[whatwg] MIME Sniffing spec - http://mimesniff.spec.whatwg.org/ from Boris Zbarsky on 2011-10-22 (public-whatwg-archive@w3.org from October 2011)

From: Boris Zbarsky <bzbarsky@MIT.EDU>
Date: Sat, 22 Oct 2011 10:53:11 -0400
Message-ID: <4EA2D8D7.6000201@mit.edu>

On 10/22/11 6:09 AM, Daniel Glazman wrote:
>>> text/plain; charset=iso-8859-1
>>>
>>> This is wrong. Nothing in the MIME or the HTTP specs says such a
>>> whitespace is mandatory. Whitespace is explicitely forbidden between
>>> type and subtype, between parameter-name and parameter-value, but that's
>>> all. AFAIC, |text/plain;charset=iso-8859-1| is perfectly valid and
>>> |text/plain ; charset=iso-8859-1| is perfectly valid too.
>>
>> We do not want to sniff text/plain more than strictly necessary.
>
> Sorry, I don't understand that answer, what do you mean exactly ?

Normally, when a browser receives a header of the form "text/plain ...." 
where ... is anything, it should treat the page as text-plain.
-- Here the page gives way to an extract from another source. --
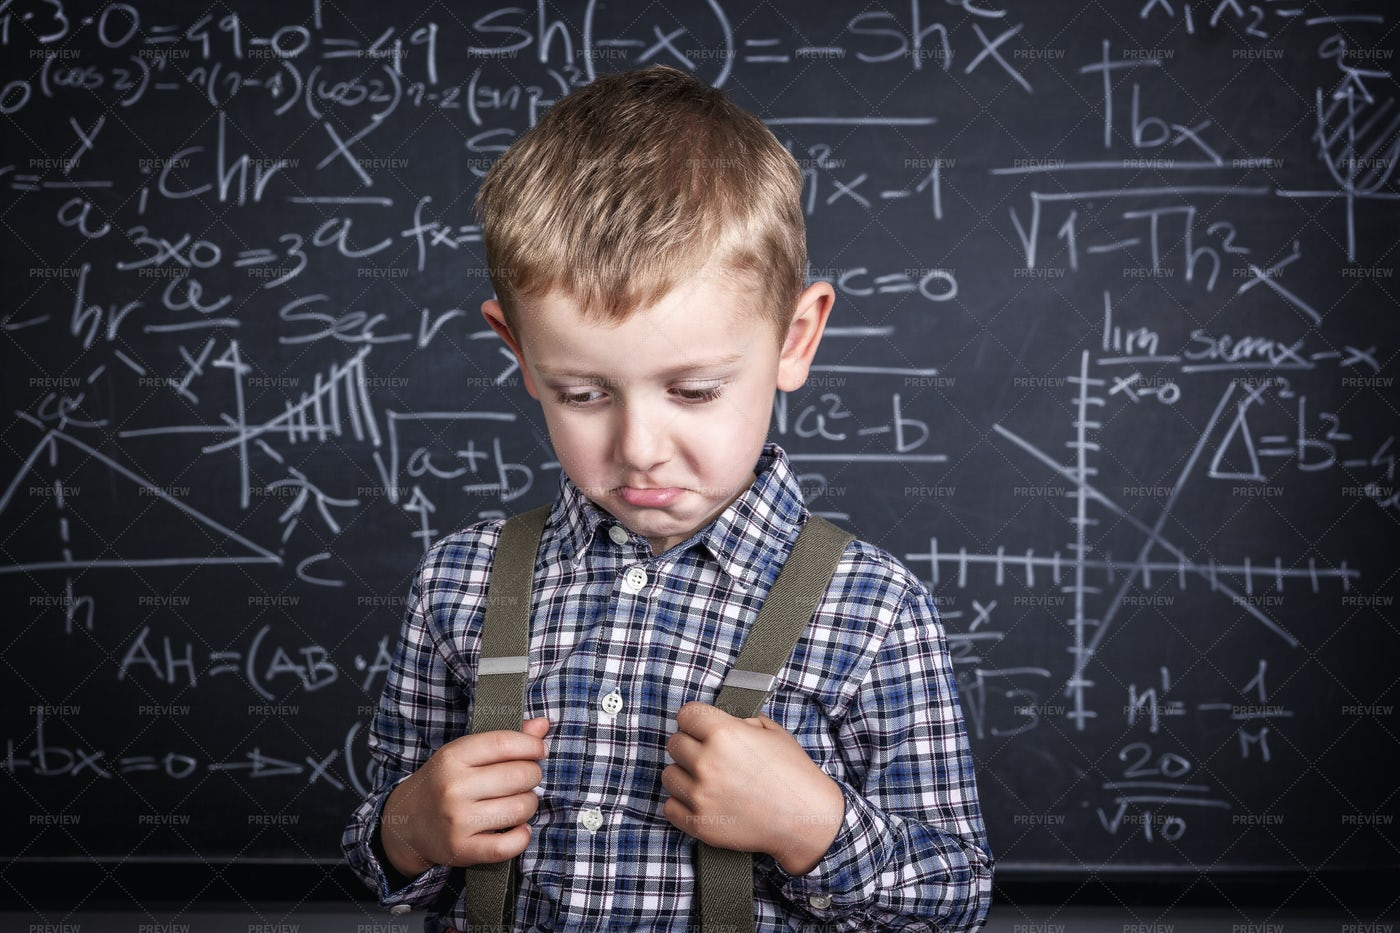 Frustrated School Boy And Blackboard: Stock Photos

However, there is a known bug in old Apache installations where Apache 
defaulted to sending a type of "text/plain" or "text/plain; 
charset=iso-8859-1" or "text/plain; charset=ISO-8859-1" or "text/plain; 
charset=UTF8" (depending on the installation) any time it didn't know 
what type of data the file was.

Therefore, it is fairly common for random binary files to be served with 
those 4 exact header values.  Thus, if those _exact_ strings are 
encountered the UA needs to sniff to make sure it's not actually binary.

> If I read the document correctly, UAs are going to fallback to complex
> type detection with perf and time cost just because the content-type
> detection did not honour the potential presence of whitespace ???
> Really ?

You read it wrong.  If the whitespace doesn't match the exact values in 
the table, the UA will just treat the page as text/plain.  It's only 
when the header value is exactly one of the 4 in the table that the UA 
will go into http://mimesniff.spec.whatwg.org/#text-or-binary

-Boris

Received on Saturday, 22 October 2011 07:53:11 UTC